Democrats are now officially in charge of the Senate, capping the best day for the party in 12 years.

Chuck Schumer became majority leader late Wednesday afternoon, following the swearing in of Democratic Sens. Jon Ossoff and Raphael Warnock of Georgia and Alex Padilla of California by Vice President Kamala Harris.

The Senate "will turn to Democratic control under the first New York-born majority leader in American history, a kid from Brooklyn, the son of an exterminator and a housewife, descendents of victims of the Holocaust," Schumer said in his maiden speech as majority leader. "That I should be leader of this new Senate majority is an awesome responsibility."

Schumer, who was minority leader for four years, will be also be the first Jewish majority leader. And Ossoff and Warnock are the first Jewish and Black senators, respectively, to represent Georgia, which hasn’t sent a Democrat to the Senate in 20 years. Meanwhile, Padilla, who will replace Harris in the Senate, is the first Latino to represent California in the upper chamber.

Ossoff was accompanied by Sen. Cory Booker (D-N.J.), Padilla by Sen. Dianne Feinstein (D-Calif.) and Warnock by Sen. Tim Kaine (D-Va.).

Wednesday marked the first time in six years that Democrats have held the Senate majority and cemented full Democratic control of Washington for the first time in a decade.

While a Democratic Senate largely guarantees President Joe Biden will see his Cabinet nominees confirmed, the chamber’s 50-50 split, with Harris as the tie-breaker, leaves Democrats little room for internal dissent. The slim majority also reduces the odds that Democrats will scrap the legislative filibuster, meaning that at least 10 Republicans will need to work with Democrats on most legislation. Democrats, however, can use budget reconciliation procedures to pass some of their legislative priorities.

With an impeachment trial looming over the Senate, Democrats are vowing to both hold former President Donald Trump accountable for the Jan. 6 insurrection and move forward with another coronavirus relief package as well as Biden’s nominees. But that will require cooperation from Republicans, many of whom are resistant to impeachment as well as Biden’s agenda.
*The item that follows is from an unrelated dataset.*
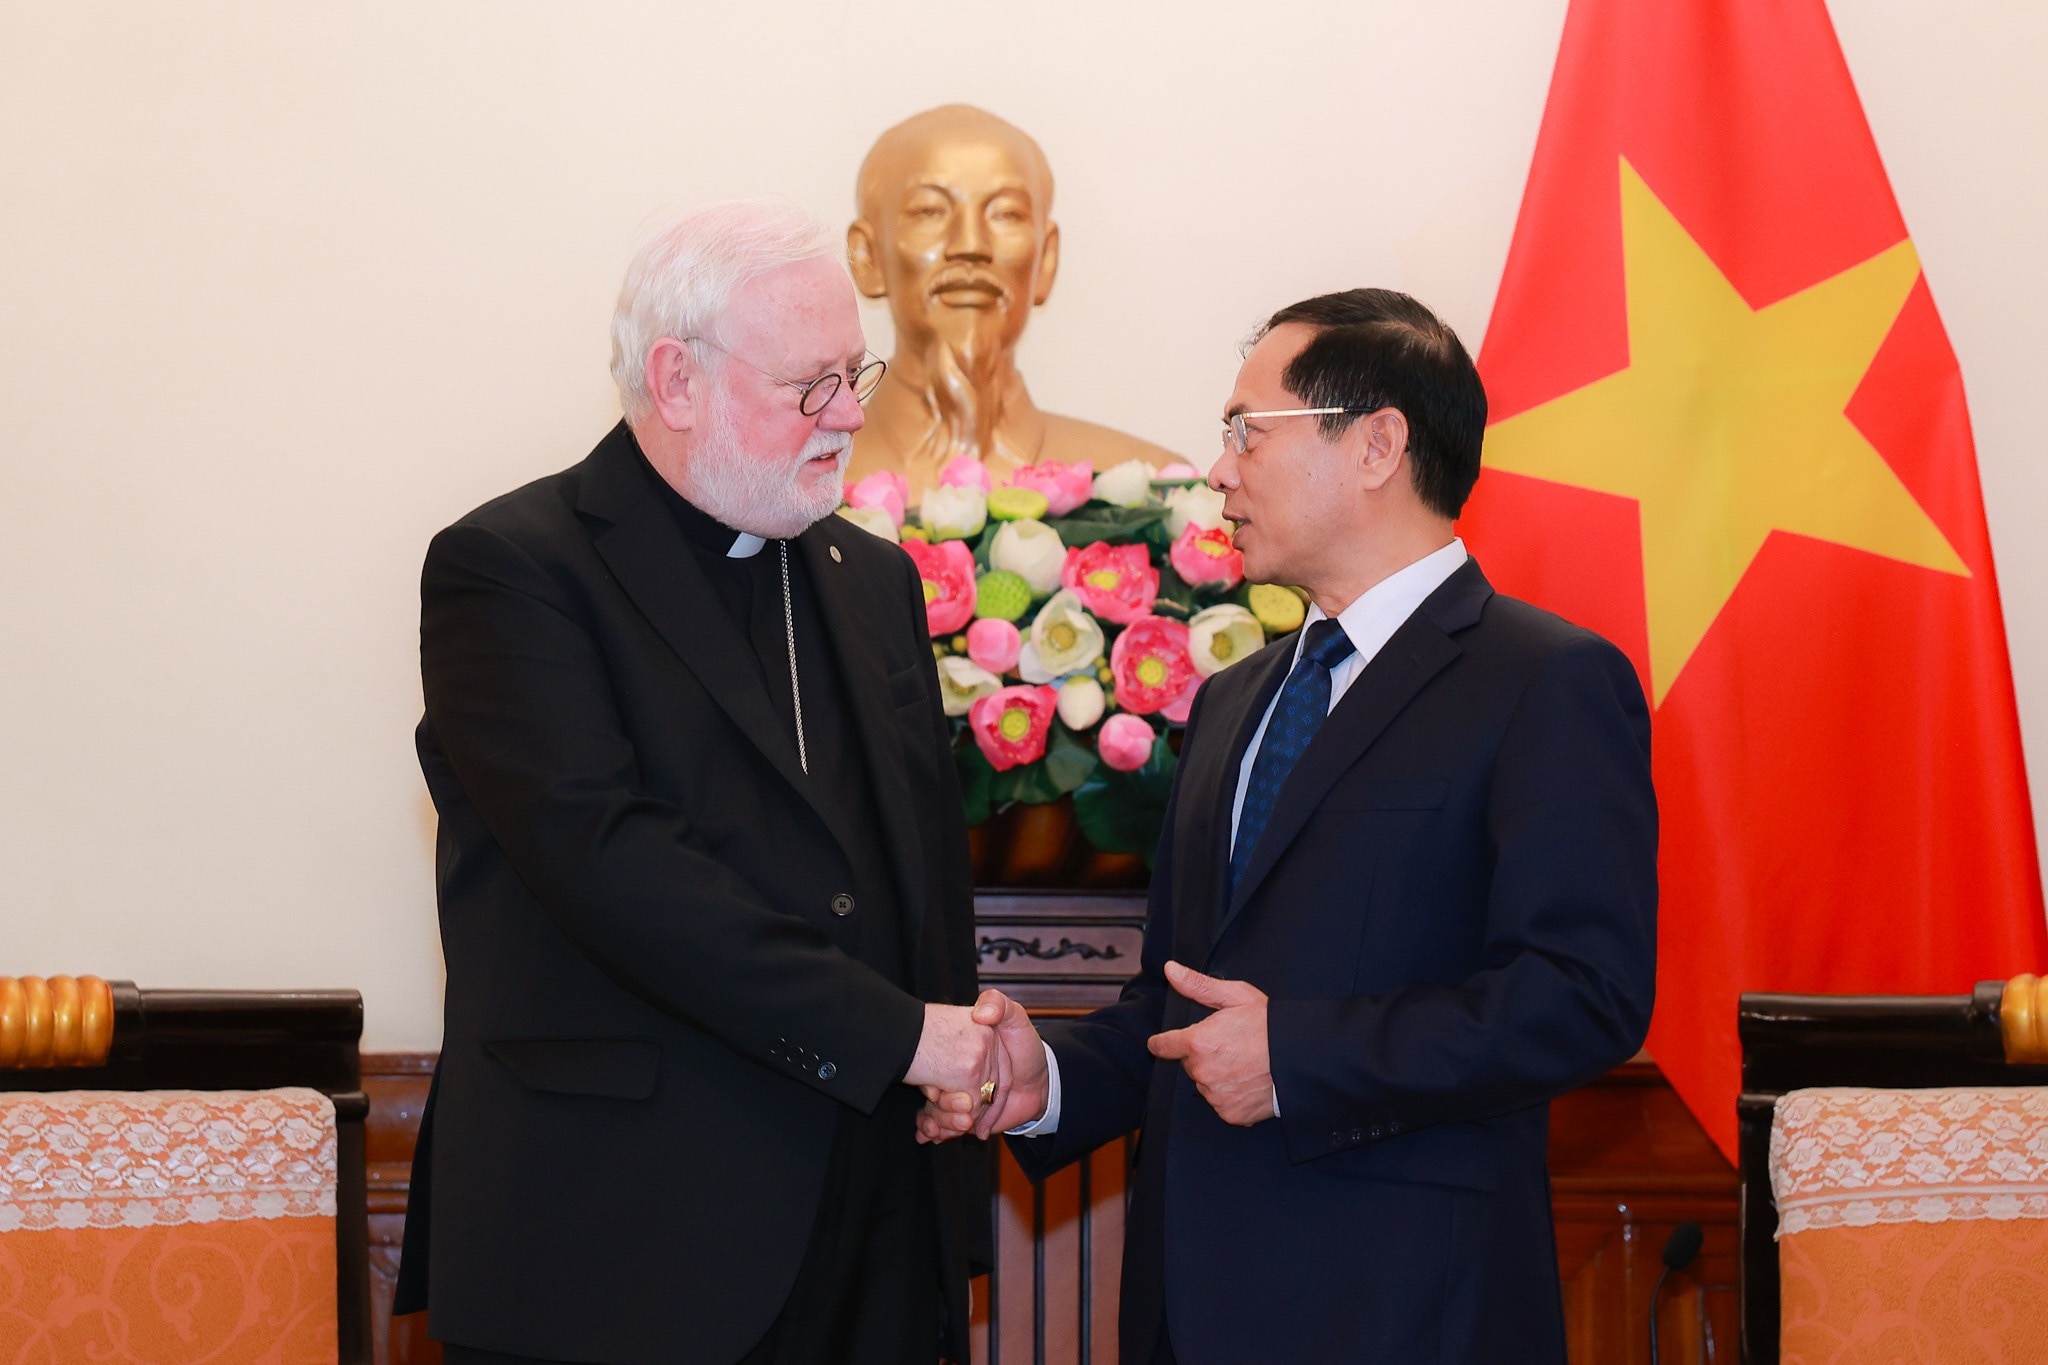 Le ministre Bui Thanh Son estime que cette visite contribuera à promouvoir les bonnes relations entre le Vietnam et le Vatican. Photo de : Hai Nguyen

The Senate’s even split also means that Schumer and Senate Minority Leader Mitch McConnell (R-Ky.) will need to finalize a power-sharing agreement. McConnell is insisting that the agreement include a commitment to protect the legislative filibuster, which Democrats are expected to reject.

The power sharing agreement is otherwise likely to resemble the 2001 framework from former Senate leaders Trent Lott and Tom Dashchle, which split committee memberships and established that the party in control of the White House determined the Senate floor schedule. The leaders also have yet to finalize the parameters of the forthcoming impeachment trial, which can’t start until Speaker Nancy Pelosi sends the Senate the impeachment article charging Trump with inciting the Jan. 6 siege.

In addition to coronavirus relief, Schumer outlined a series of other priorities for Democrats in a letter to colleagues last week, including legislation related to immigration reform, climate change, health care, criminal justice reform and the tax code.

In his speech, Schumer vowed that the Senate "will do business differently" under him.

"This Senate will legislate," Schumer said. "It will be active, responsive, energetic and bold. And to my Republican colleagues, when and where we can, the Democratic majority will strive to make this important work bipartisan. The Senate works best when we work together."